AFC Wildcard Game 2008: Chargers mortalize the Titans

“Mortalize” isn’t a real word.  N’importe.

Qualcomm Stadium in California. The Tennessee Titans trekked southwestward across the country to challenge the San Diego Chargers for a shot at the AFC divisional championship game, and then hopefully the Super Bowl.

The first quarter started with grey skies, precipitation, and a Titans field goal.   The second quarter ended with another Titans field goal.  Going into halftime, Tennessee 6 and San Diego 0.   The third quarter gave the Chargers a modicum amount of hope with a field goal.  Well Hallelujah.  San Diego wide receiver Vincent Jackson made a touchdown in the bottom of the third quarter.  Chargers 10 and Titans 6.  The fourth quarter picked up again in the precipitation.  Chargers running back LaDainian Tomlinson nearly made a touchdown just before the halfway point in the fourth quarter.    The ball was called dead at the one yard-line; San Diego challenged but the ruling stood (no more time-outs for them).  Tomlinson made another effort, leaped up and over the Titans defensive players and broke the plane with his outstretched hands.  Chargers up to 17.   Tennessee challenged but the ruling stood (they still had one more at that point).  After 3.65 quarters of underwhelming game-play (excepting interceptions), the game ended 17 to 6 in favor of San Diego.  The Chargers are going to the AFC divisional game.

Observations & Miscellania:

1. Because this game was on CBS, the blue line of scrimmage graphic was on the field.  After watching a number of football games on Fox, NBC, and CBS within the the last week, I think I’d be content either way if the blue line of scrimmage was nixed next season.

2. “Jackson has San Diego down to the twenty-six yard line–its deepest penetration,” one of the commentators remarked.  Again, easily misinterpreted.

3. Before Vincent Jackson made the TD in the bottom of the third quarter, Titans defensive tackle Albert Haynesworth was flagged for unnecessary roughness.
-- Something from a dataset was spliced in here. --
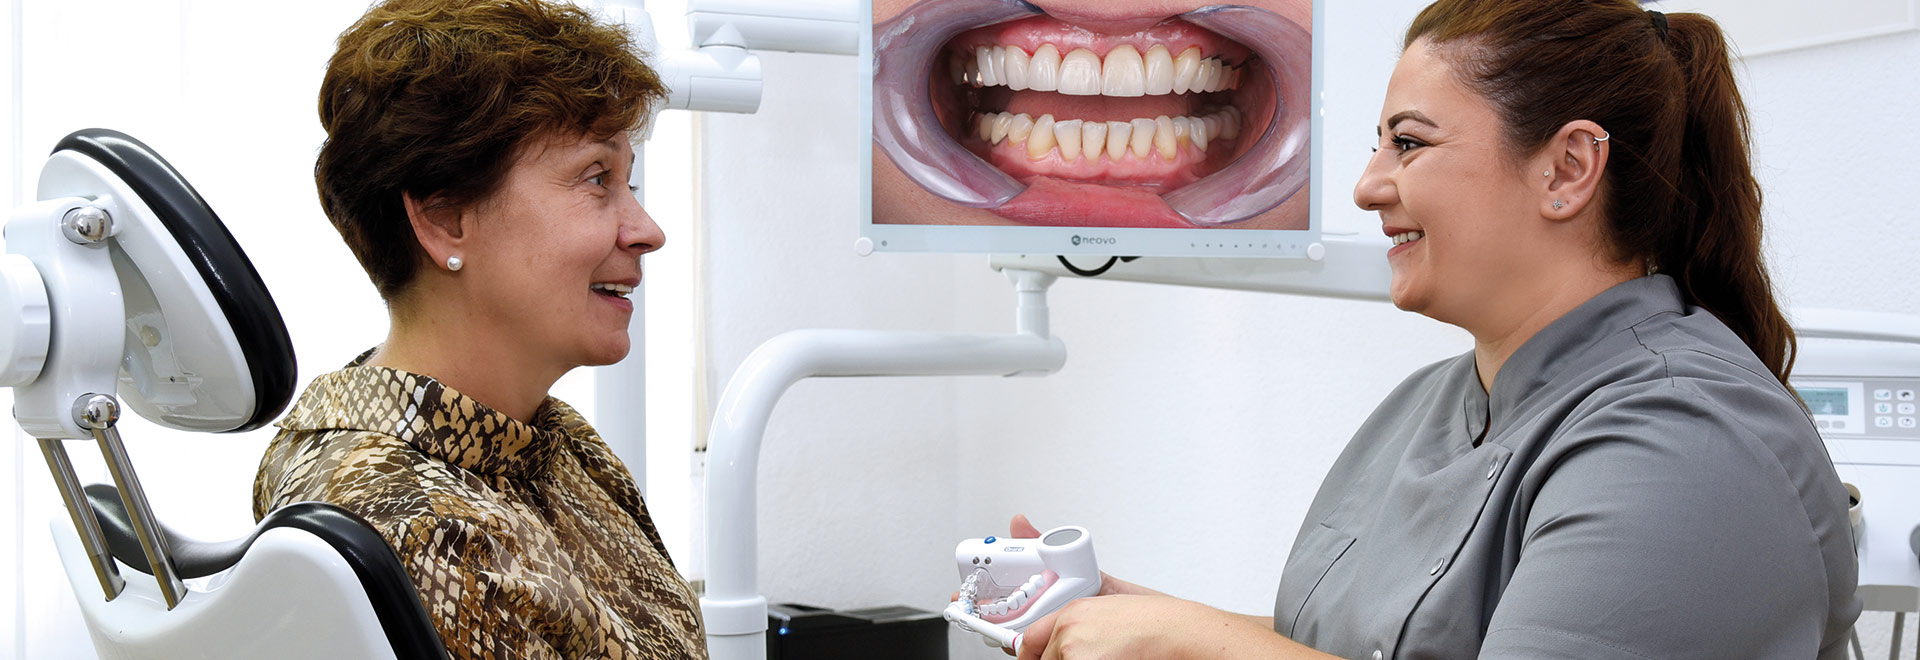 Parodontitisbehandlung

He crept beyond the line of scrimmage and pushed Chargers quarterback Philip Rivers to the ground.  I caught it in a slow-motion instant replay from behind the Titans line; it reminded me of something one would see in sixth-grade gym class.

4. Chargers defensive end Luis Castillo did this reverse kick-ball-change step after he  sacked Titans quarterback Vince Young.